Mamãe tem o estranho costume de me chamar de egoísta. É algo que eu ouço desde o início da minha adolescência, época que minha memória consegue alcançar com certa clareza. Durante anos esta crítica não me fazia mal nenhum, mesmo ganhando um coro de mais vozes, além da sagrada voz materna. Mas ultimamente é algo que me tem feito parar para pensar um pouquinho. Eu considero o egoísmo uma característica natural da espécie humana, variando em intensidade entre uns e outros. Mas todos somos egoístas.
E foi do alto de todo o meu egoísmo que eu disse algumas frases que a deixaram assustada, logo quando nos conhecemos. Pra mim, o maior filósofo, pensador, didata que eu conheço sou eu. Reconheço: é algo forte de ser dito e soa extremamente prepotente aos ouvidos desavisados.
Eu tive a sorte de ter acesso ao trabalho de pensadores interessantes, de filósofos (pensadores etiquetados) relevantes e de professores instigantes. E do alto de todo o meu altruísmo, digo com convicção que grande parte deles teve uma participação importantíssima na construção de minhas convicções. Acontece que o que tem valor de fato não é o que eles escrevem ou lecionam, mas sim a minha compreensão disto. Na verdade, a minha, a sua, a deles. No meu caso, minha. Egoísta, não?!
Ela não conseguiu entender o que pra mim é muito simples. Num bar, em certa ocasião, após umas, outras e mais outras, conversávamos sobre identificação. Tentávamos entender os porquês de nos identificarmos com certas coisas e não com outras. Porque adoramos certa música e odiamos outra. Porque preferimos o conceito de Fulano sobre o destino ao conceito de Cicrano. Porque acreditamos em Deus do pai nosso ou num deus só nosso. E o mais importante disto tudo: Por que eu adoro azul e você lilás? Eu tenho uma boa hipótese sobre isto e não foi nenhum filósofo/pensador/professor/filme/música/passarinho que me disse. Não explicitamente. A explicação é simples: Nos identificamos com aquilo que nos soa familiar.

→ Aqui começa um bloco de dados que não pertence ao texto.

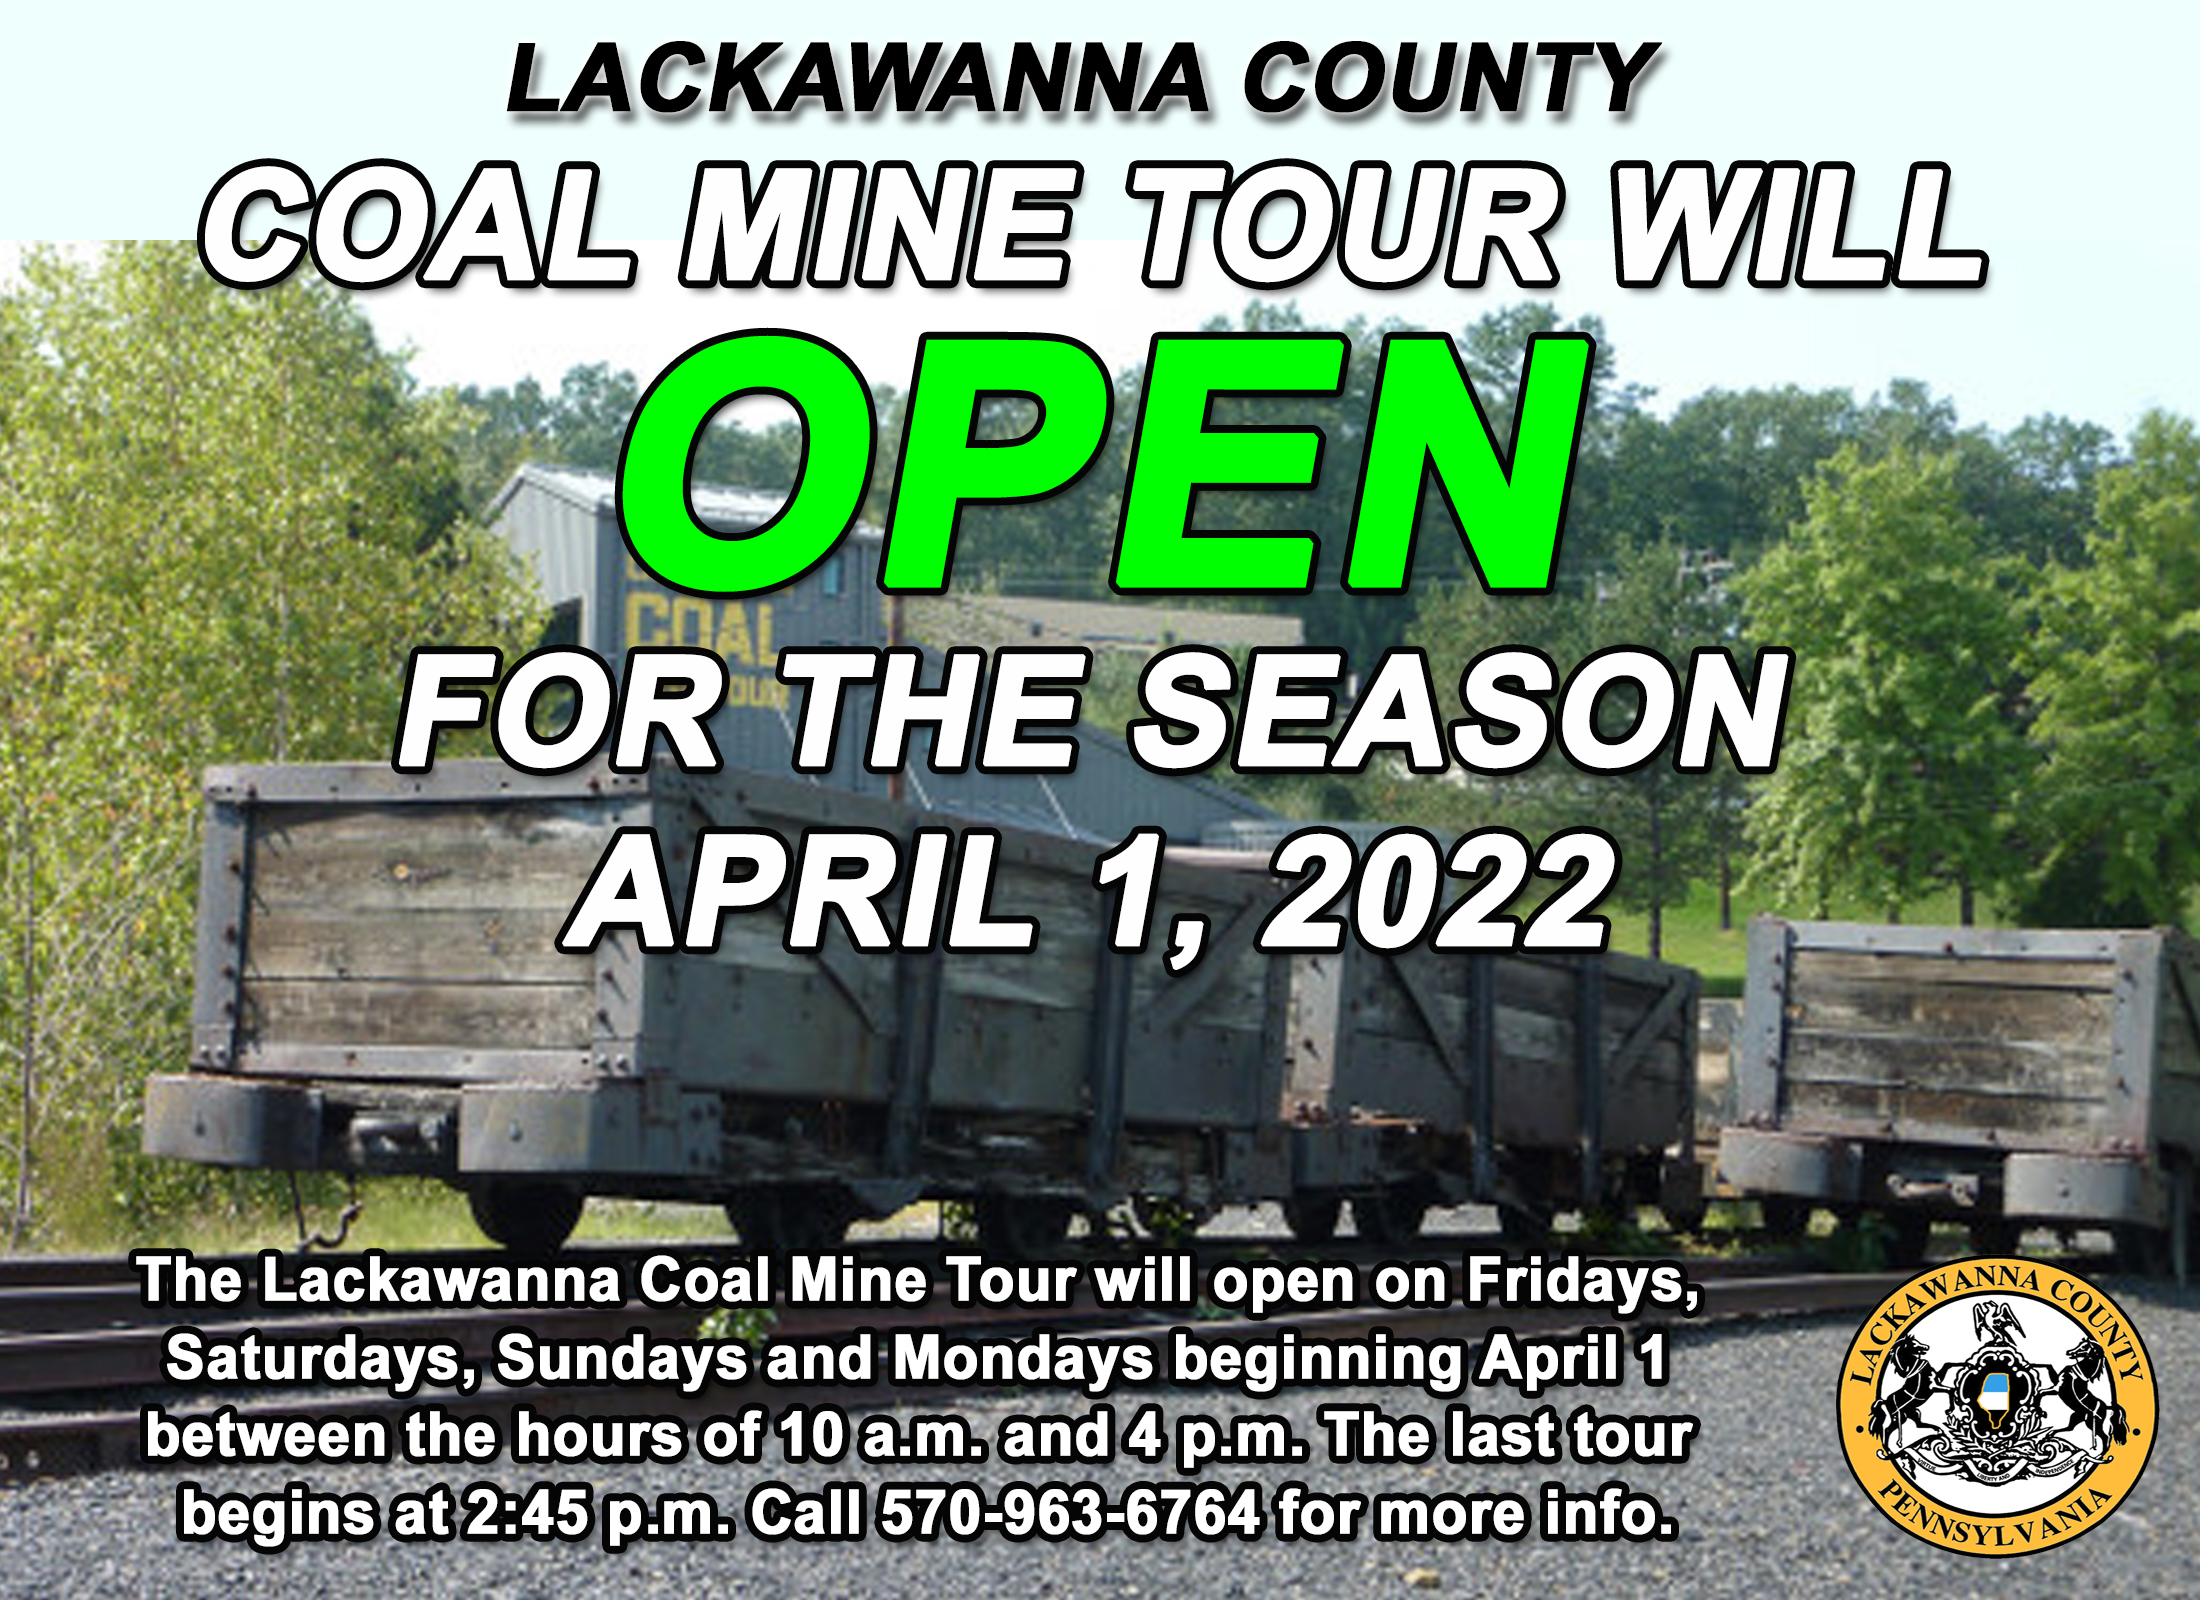 https://ww2.lackawannacounty.org/wp-content/uploads/2022/03/Coal-Mine-Open-2022-copy.jpg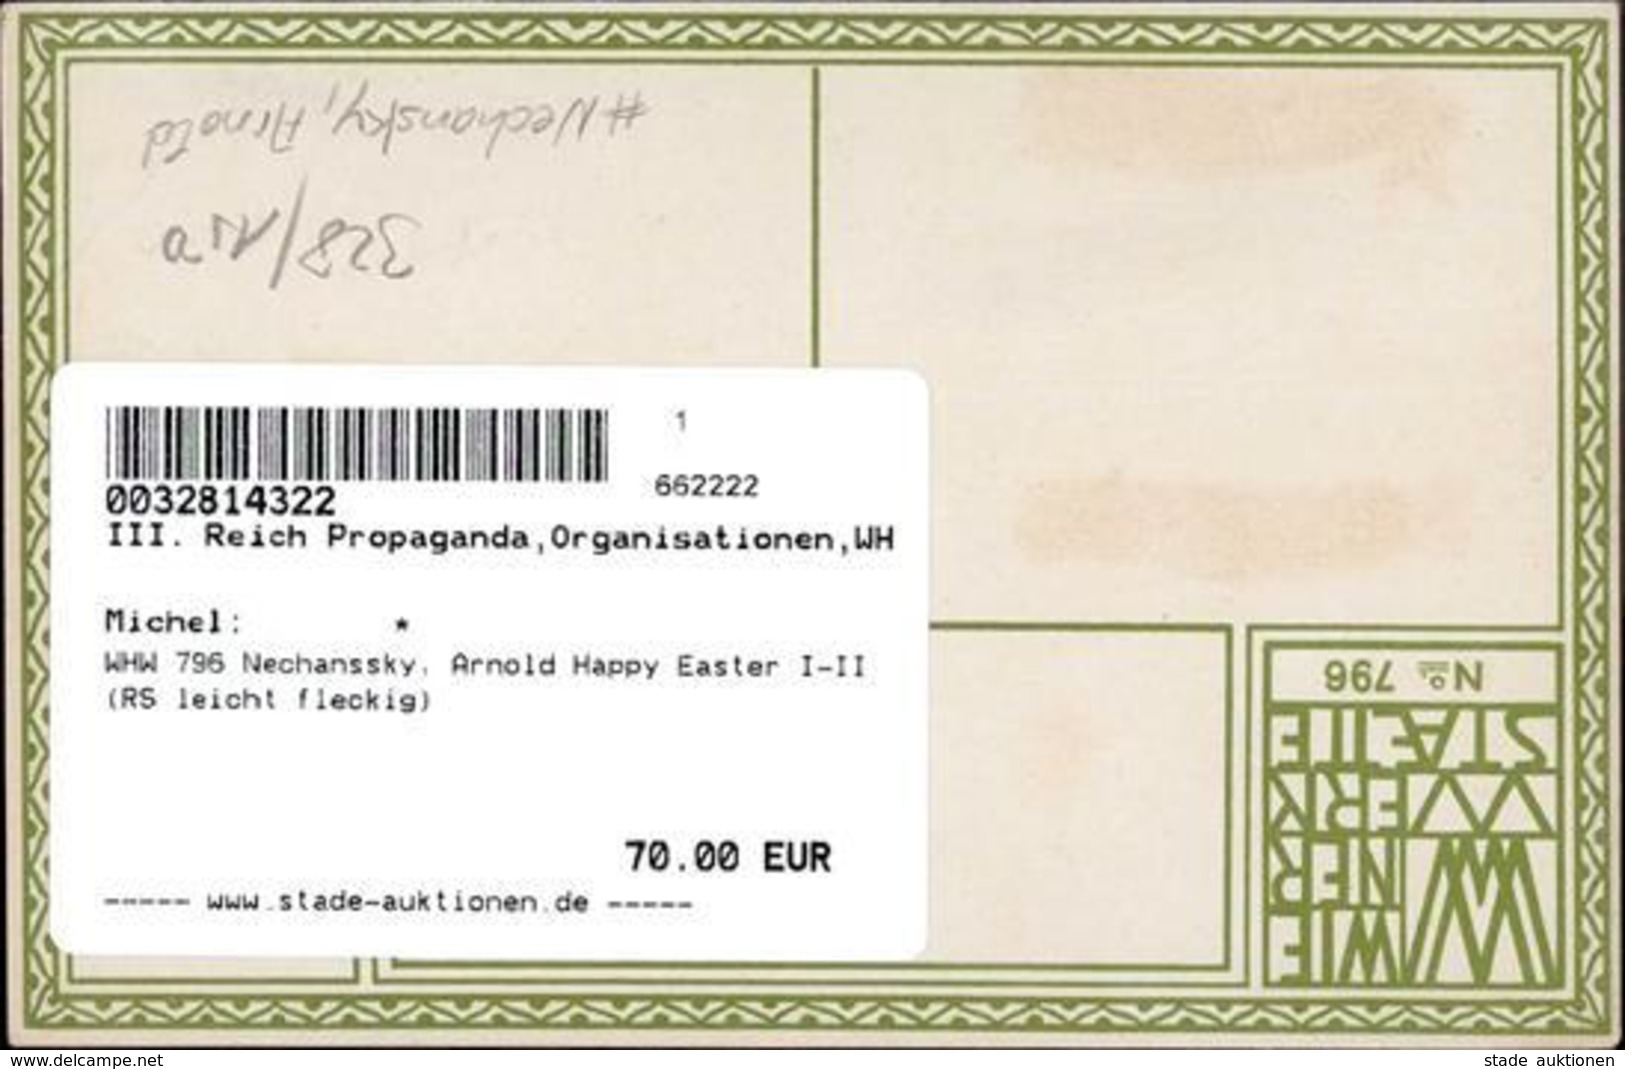 Wiener Werkstätte 796 Nechanssky, Arnold Happy Easter I-II (RS Leicht Fleckig) - Kokoschka

Ah, mas aí é mole. Nos identificamos com nossas mulheres porque elas têm características em comum com nossas mães. Isto é manjado. Freud explica.
Ok, mas por que nos identificamos tanto com aquela frase muito breve dita por aquele ator naquele filme que mudou nossa vida e nossa maneira de pensar e nos fez pensar: Porra! Como é que eu nunca pensei nisso antes? Na verdade, já pensei nisso antes, mas nunca havia me dado conta disto. Talvez tenha pensado há 2 anos, há 10 anos, 2 minutos antes de nascer ou quando eu era uma artesã em uma cidadezinha na região que hoje é conhecida por Praga. Vai saber. Mas eu me identifico porque isto está na minha memória, na minha genética, nos meus registros, no meu banco de dados, no meu arquivo pessoal. Chame como quiser.
E o mais intrigante é que talvez esta minha explicação sobre identificação não faça o menor sentido para você, assim como não fez para ela naquela mesa de bar. Mas acredito que isto aconteça porque isto não está na sua memória, genética, no seu registro etc etc etc... E mesmo que você não gaste um segundo do seu pensamento para tentar entendê-la, talvez ela faça todo o sentido para você e para ela se eu repeti-la daqui a 2 ou 10 anos. Talvez daqui a 2 minutos. O importante é que eu deixei o meu conceito no seu registro. Sou egoísta como os filósofos.
Gostaria, mais do que tudo, de ter a oportunidade de dizê-la novamente, exatamente com as mesmas palavras, tudo o que eu penso sobre identificação e ver se desta vez ela entenderia. E ouvi-la dizer, mais uma vez, Você é um grande egoísta, de uma forma tênue e carinhosa, como só mamãe saberia dizer.
PS: Eu descobri que um certo alemão chamado Heidegger pensava muito parecido comigo. Talvez ele já tenho trocado uma idéia com a minha bisavó.